For VWO, the more rigorous pre-university track, outcomes were far stronger: 50.2% of 1,290 total candidates passed immediately. The VWO breakdown shows 647 immediate passes, 197 outright failures, 370 candidates moving to retakes, 57 eligible for delayed make-ups, and 19 candidate withdrawals. Private VWO institutions boasted standout results this year: Arthur A. Hoogendoorn Atheneum led all schools with a 93.5% preliminary immediate pass rate, with 72 of its 77 candidates passing on the first try. Nassy Brouwer College followed with a strong 69.8% pass rate, while ACI recorded a solid 64.3% immediate pass rate.

Overall, nearly one-third of all candidates across both education tracks will need to complete a retake exam to earn their diploma.

The release of this year’s results was delayed by several days after officials discovered errors in two math exam papers, Wiskunde 1 and Wiskunde Q. Education Minister Dirk Currie explained that one question on Wiskunde 1 did not align properly with the curriculum students had prepared for, while two questions on Wiskunde Q were incomplete. In collaboration with subject teachers and school principals, ministry officials implemented grading corrections to ensure no student was unfairly penalized for the exam errors.

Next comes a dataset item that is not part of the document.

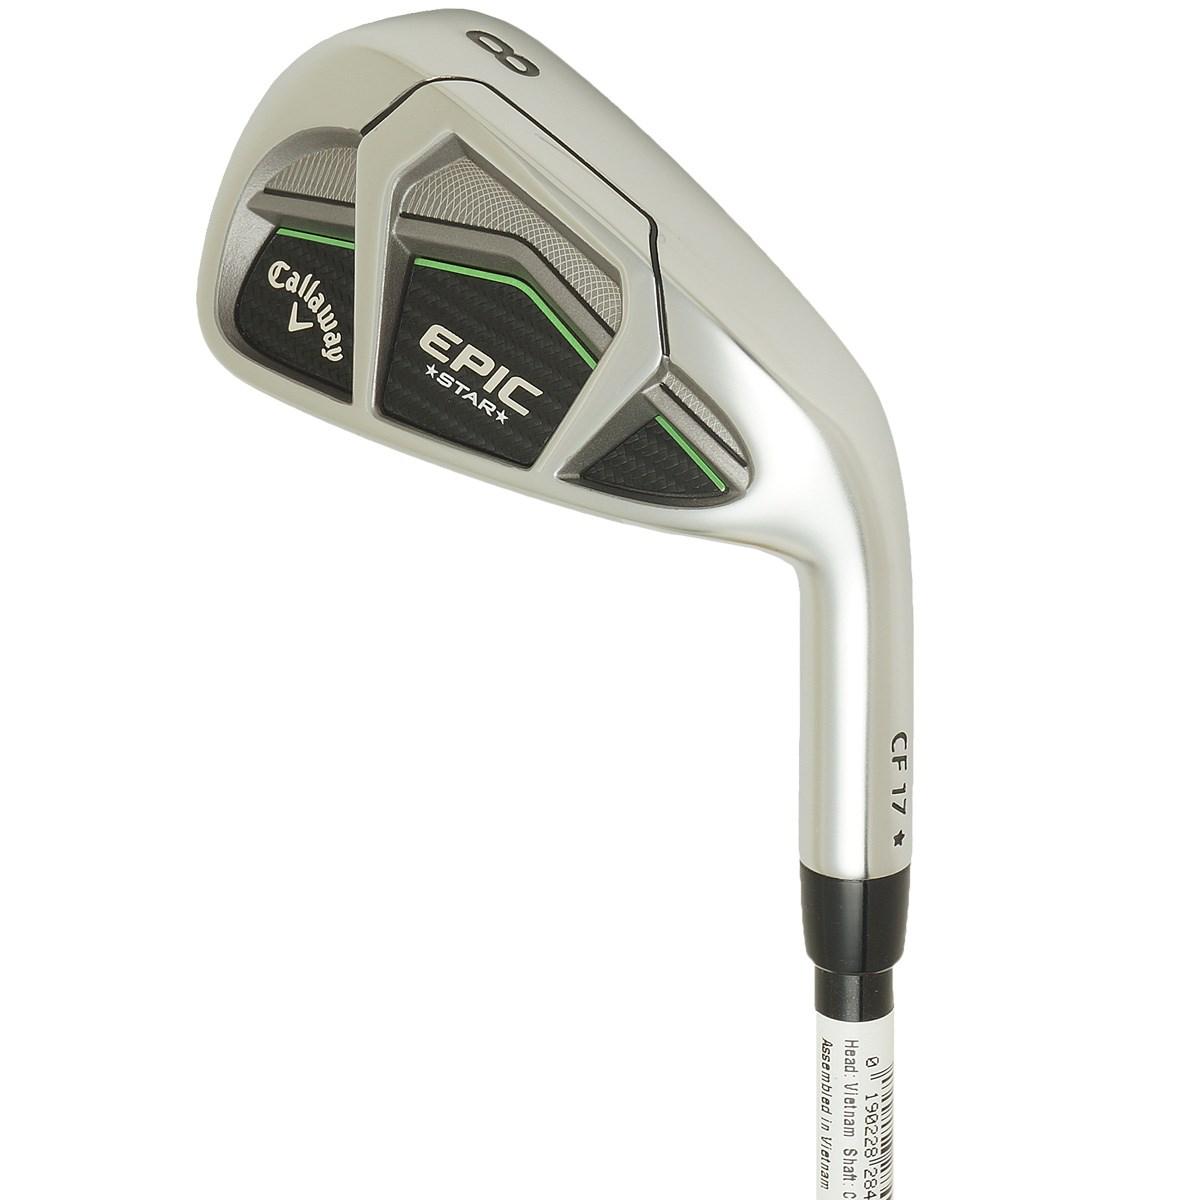 キャロウェイゴルフ(Callaway Golf) GBB EPIC STAR アイアン(単品) N.S.PRO ZELOS 7

Ministry officials frame the 2025-2026 results as a positive development overall. The Inspectorate for Senior Secondary Education notes that while performance gaps between individual schools remain, preliminary full-year results show a clear upward trajectory compared to the 2024-2025 academic year. Inspectors also project that final pass rates will rise significantly once all retake exams are completed and scored.